他没有继续想下去。
不是刻意打断自己。是他的大脑在处理这类信息的时候,有一个自动的、训练了三十四年的过滤机制——把那些“没有明确答案”“不属于当下需要处理”的想法,归入待定区,然后搁置。
他把这个画面也搁置了。
男孩继续低头看电脑。阳光在他身上移动了一点点。
郑深没有移开目光。
成远走进书店的时候,方屿站了起来。
两个人握手。方屿站起来的那一瞬间,成远真正体会到了什么叫晕眩。
他比隔着玻璃看还要惊艳。
面对面的时候,成远注意到他的皮肤是一种干净的、透着健康光泽的质感。鼻梁从侧面看弧度极好,从山根到鼻尖是一条流畅的、没有任何折角的线。嘴唇是浅粉色的,上唇薄,下唇微微厚一点,嘴角天然带着一点上扬的弧度,即使不笑的时候,也让人觉得他随时要笑起来。
握手的瞬间,方屿笑了一下。眼睛弯起来的弧度刚好,瞳孔在阳光下变成浅褐色。他不是在刻意对谁笑,他就是习惯性地、礼貌性地笑了一下,但那个笑容的亮度足以让任何一个看见的人停下手里的动作。
成远脑子里有一瞬间的空白。
他想起林佳宁。那姑娘的硬件——一米七二,皮肤白,五官端正,性格开朗。父亲经商,母亲掌着郑家的产业,舅舅是律所合伙人。学历是本校研究生,人缘极好。按任何世俗标准,这都是天花板级别的配置——不是单项冠军,但每一项都能打八十五分以上,总分高得惊人。
但方屿是另一种存在。
他站在那里,你脑子里所有关于“好看”的想象都失效了,只剩下一个很原始的反应:想继续看,又不好意思一直看。
成远就是这种状态。他发现自己跟方屿说话的时候,目光总是不自觉地往别处飘,然后又被什么力量拉回来。他这辈子第一次在一个同性面前产生这种感觉——不是因为别的,纯粹是审美上的压迫感。太过好看,以至于你不好意思盯着看。
“成秘书?”方屿微微偏了一下头。
“不好意思。”成远回过神来,把手里的案例资料递过去,“这是郑律师让我带给你的,几个医患纠纷的案例。”
“谢谢,佳宁跟我说了,”方屿接过资料,低头翻了一下。
方屿翻开第一页。案例资料整理得很干净,按年份和案件类型分了类。他翻了几页,抬起头。
“帮我谢谢郑律师。”他说,“这些案例正好是我需要的那几类。后续如果有什么问题,我再联系您。”

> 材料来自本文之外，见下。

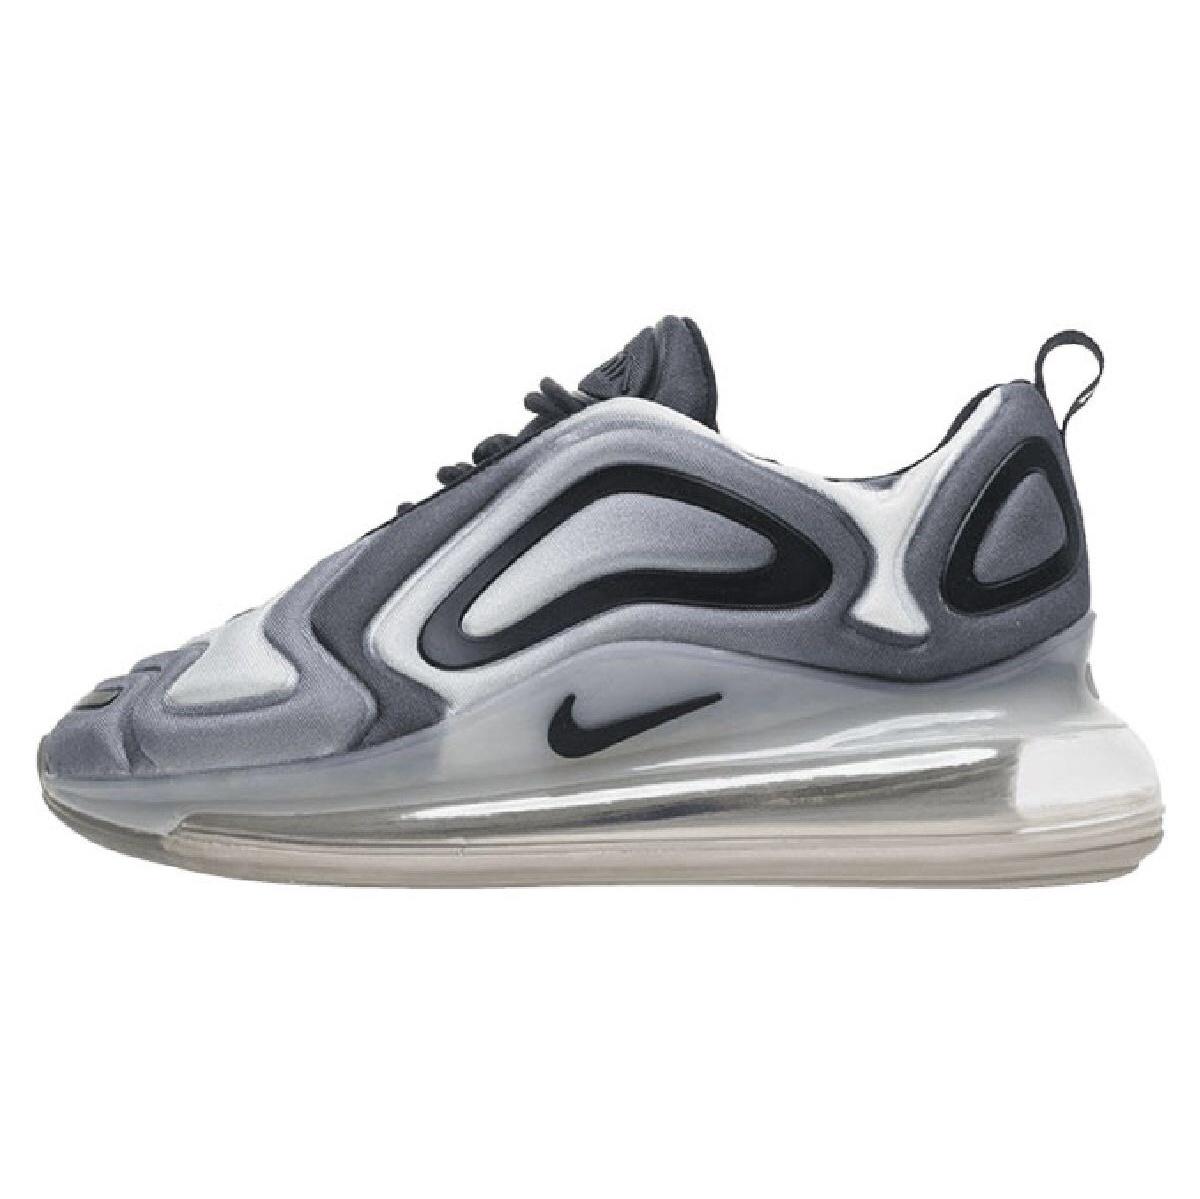 کفش مخصوص پیاده روی نه مدل air max 720 کد ۰۷۶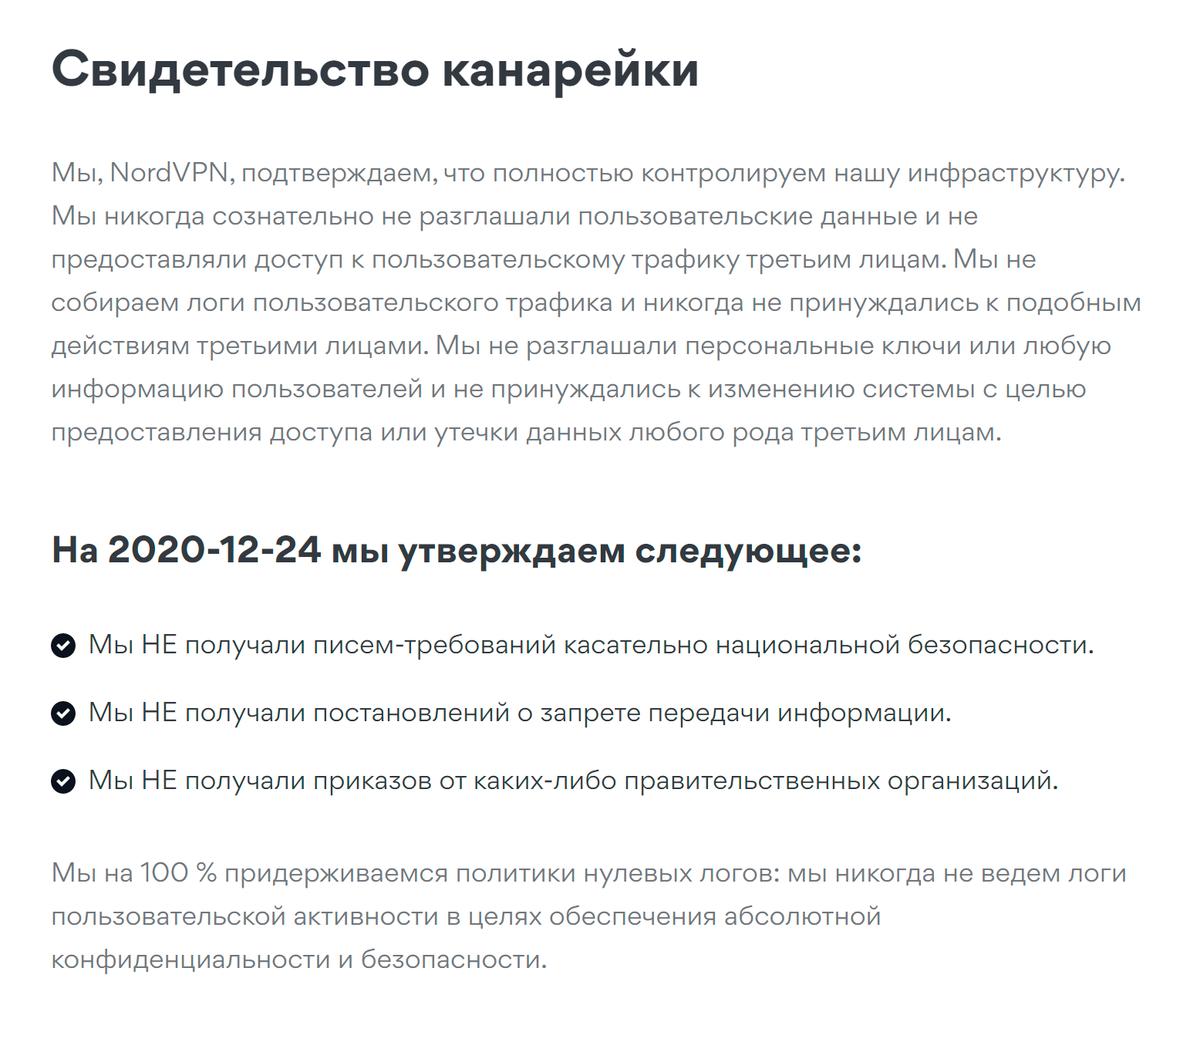 «Свидетельство канарейки» сервиса NordVPN находится в разделе сайта «О нас»

方屿把资料收好。他收东西的动作很自然,手指在纸页边缘拂了一下,把翘起来的角压平。
成远看着他的手。修长,指节分明,指甲修剪得很干净。
他把目光移开了。
成远聊完后回到车里,系好安全带。
“资料给他了。”他说。
“嗯。”
车子发动,驶过那条种满银杏的街。郑深从后视镜里看见书店的落地窗越来越远。方屿还坐在原来的位置,低头翻着成远带给他的资料。阳光一直照在他身上。
郑深把视线收回来。
车里安静了一会儿。成远忽然开口。
“郑总。”
“嗯。”
“佳宁这姑娘吧,我以前觉得她就是天花板了。长得好,性格好,家境好,学历好——您说,什么样的男生能让她求而不得?”
郑深没接话。
成远顿了顿。
“今天见了方屿之后,我忽然觉得——他俩之间,可能确实有差距。”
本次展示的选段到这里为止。